Clock Name Description Frequency
rfnoc_chdr RFNoC CHDR clock 187.5 MHz
ce Compute Engine clock 214.286 MHz
dram DRAM interface clock 300 MHz
radio Radio interface clock Same as master clock rate (184.32 MHz or 200 MHz)

X410

Clock Name Description Frequency
rfnoc_chdr RFNoC CHDR clock 200 MHz
dram DRAM interface clock 250 MHz
radio Radio interface clock 122.88 MHz when master clock rate is 122.88, 245.76, or 491.52 MHz
125 MHz when master clock rate is 125, 250, or 500 MHz
radio_2x Radio interface clock 2x Twice the frequency of radio_clk

How do I add a clock with a different frequency?

Adding custom clocks is not directly supported yet. Describing them in the YAML file will not cause them to be generated for you. If you can't use any of the available clocks, you can modify the HDL code to generate a clock.

If you only need the clock within your own RFNoC block, you can modify the HDL for your block to generate the clock that you need from one of the available clocks. To do this, add a new clock to your block's YAML description, connect the available clock to your block in the YAML description of your RFNoC image, then add a Xilinx MMCM IP instance to your block's HDL and connect the available clock to its input.

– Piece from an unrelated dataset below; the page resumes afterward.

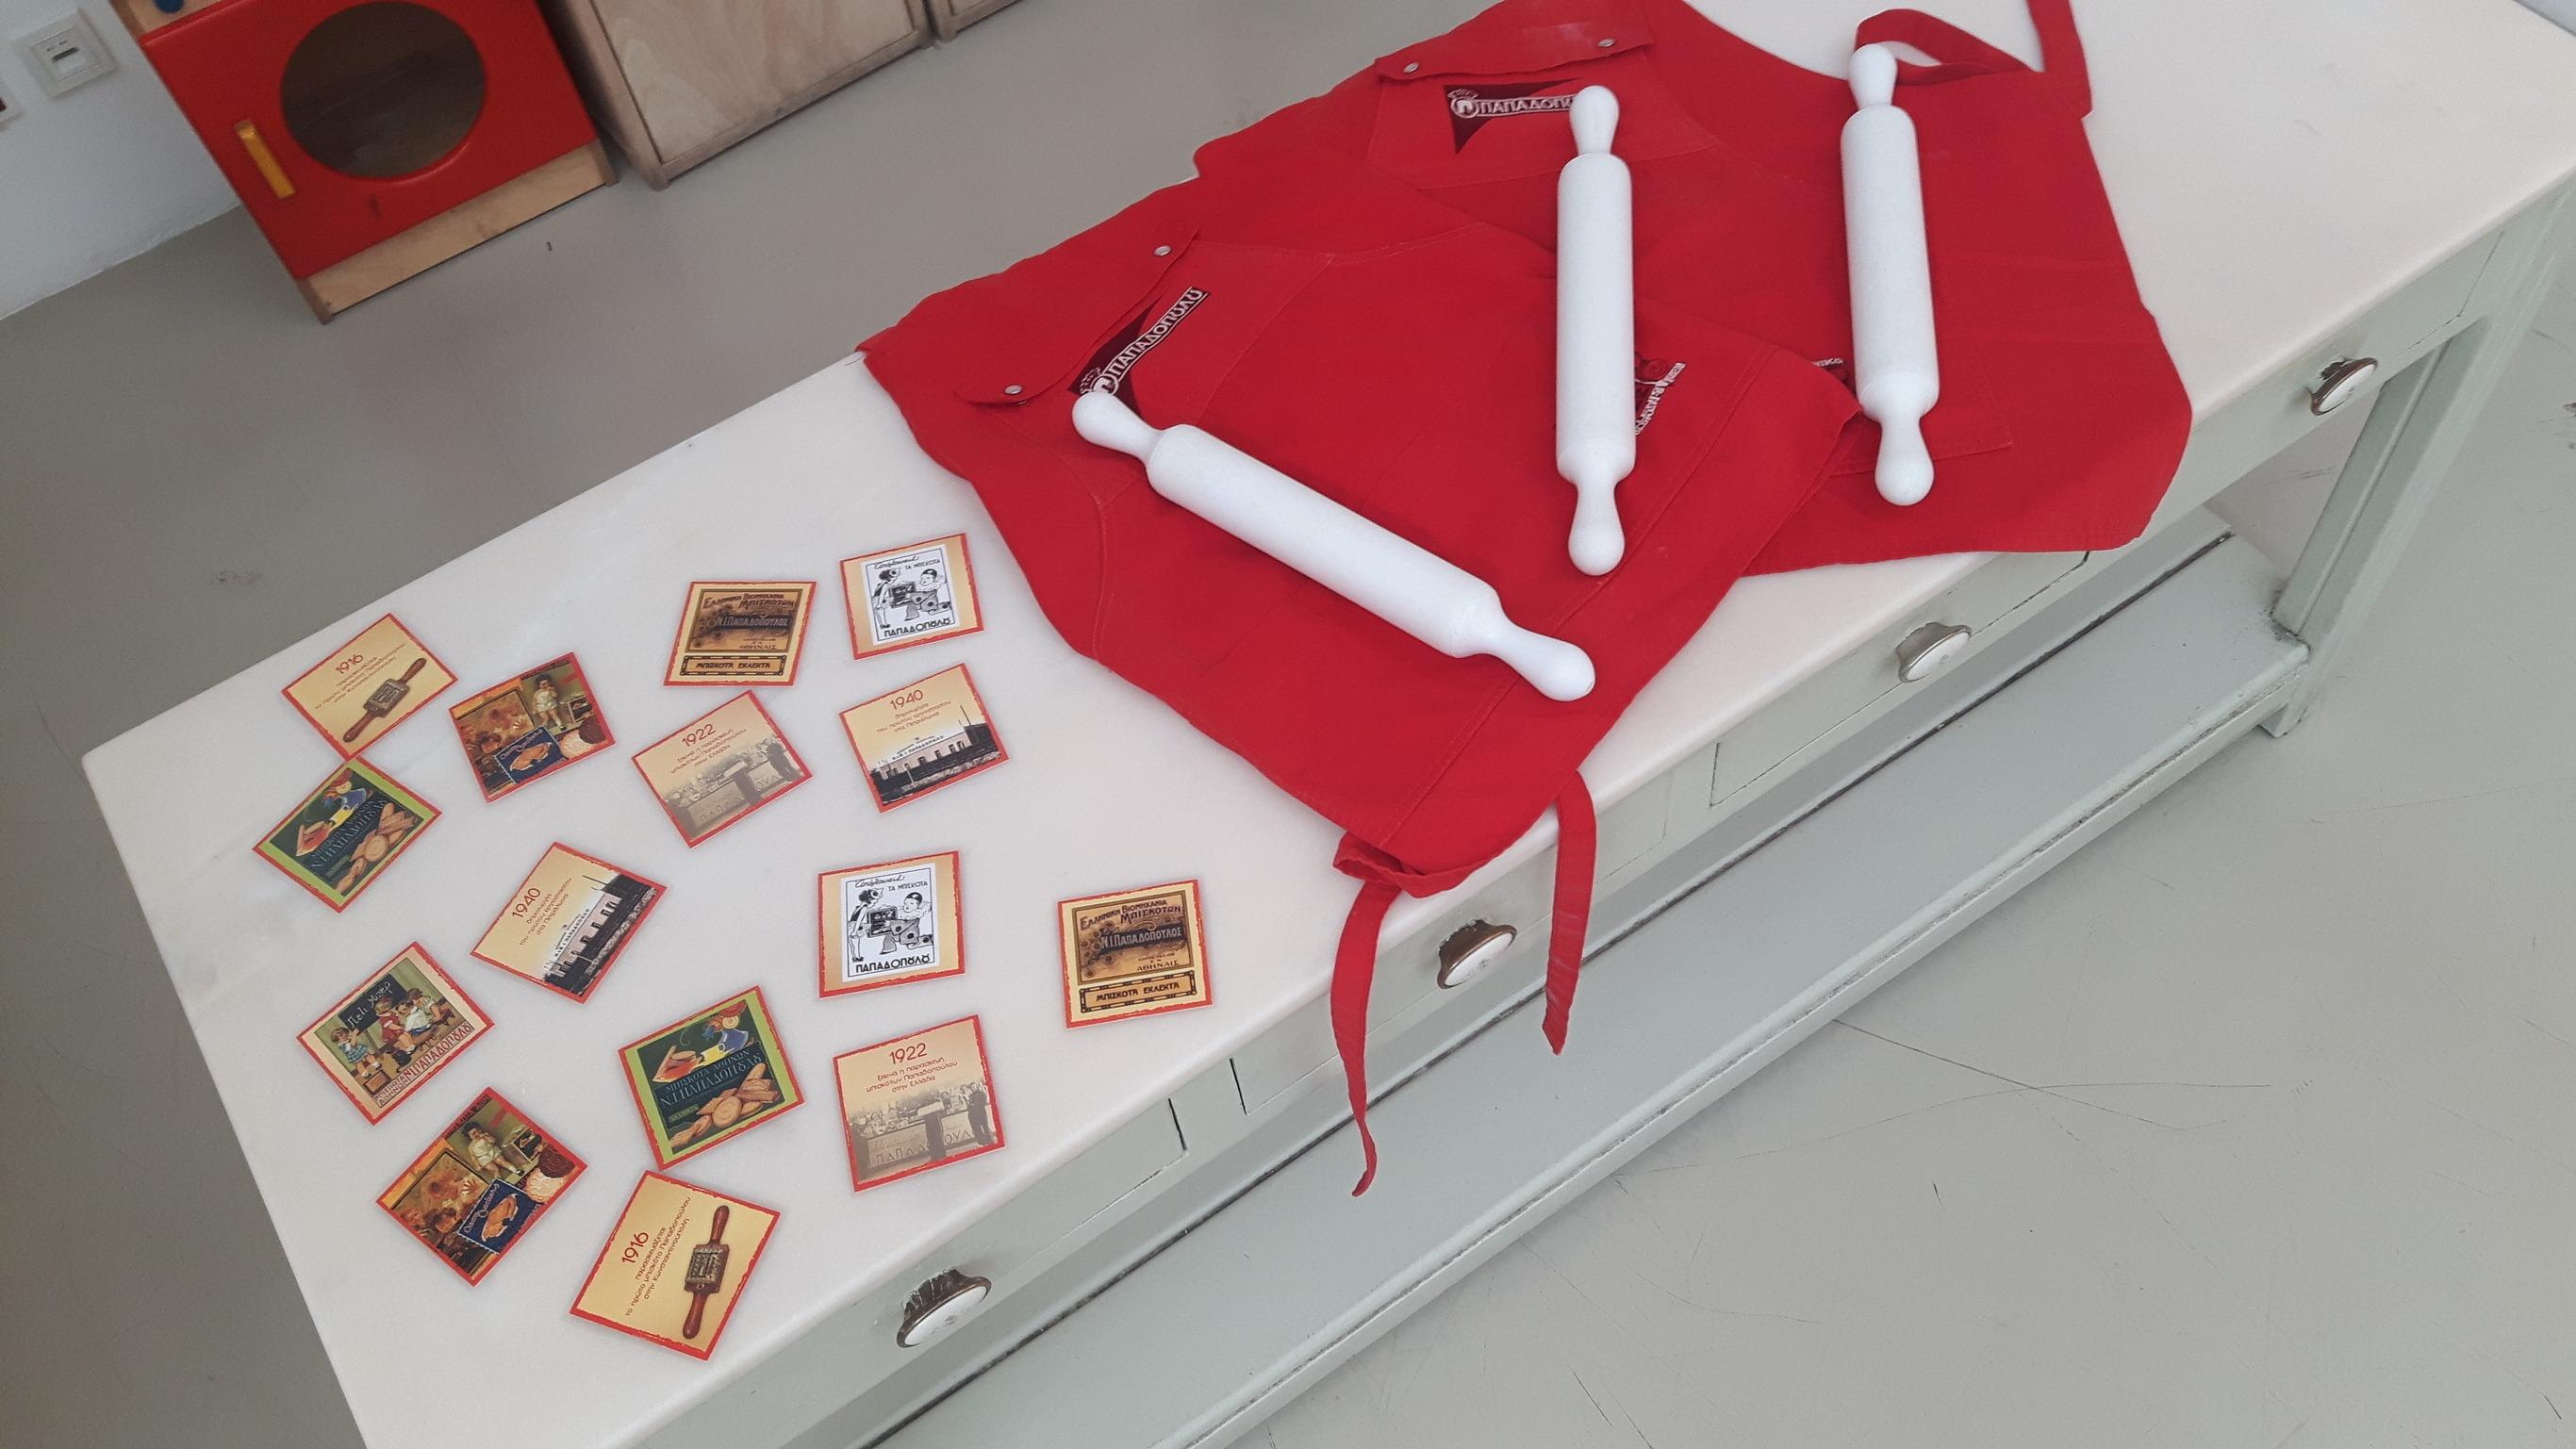 Image for Η συνεργασία μας με το Ελληνικό Παιδικό Μουσείο

If the clock is needed by multiple RFNoC blocks, or if you want to change an existing clock, you can modify the HDL for the USRP you are using to add or change a clock. If you add a new clock to the RFNoC image core, you must also update the BSP YAML file (located in <repo>/host/include/uhd/rfnoc/core) so that the rfnoc_image_builder knows that the clock exists. How and where the clocks are generated varies between USRPs. Please refer to the source code for that USRP (<repo>/fpga/usrp3/top).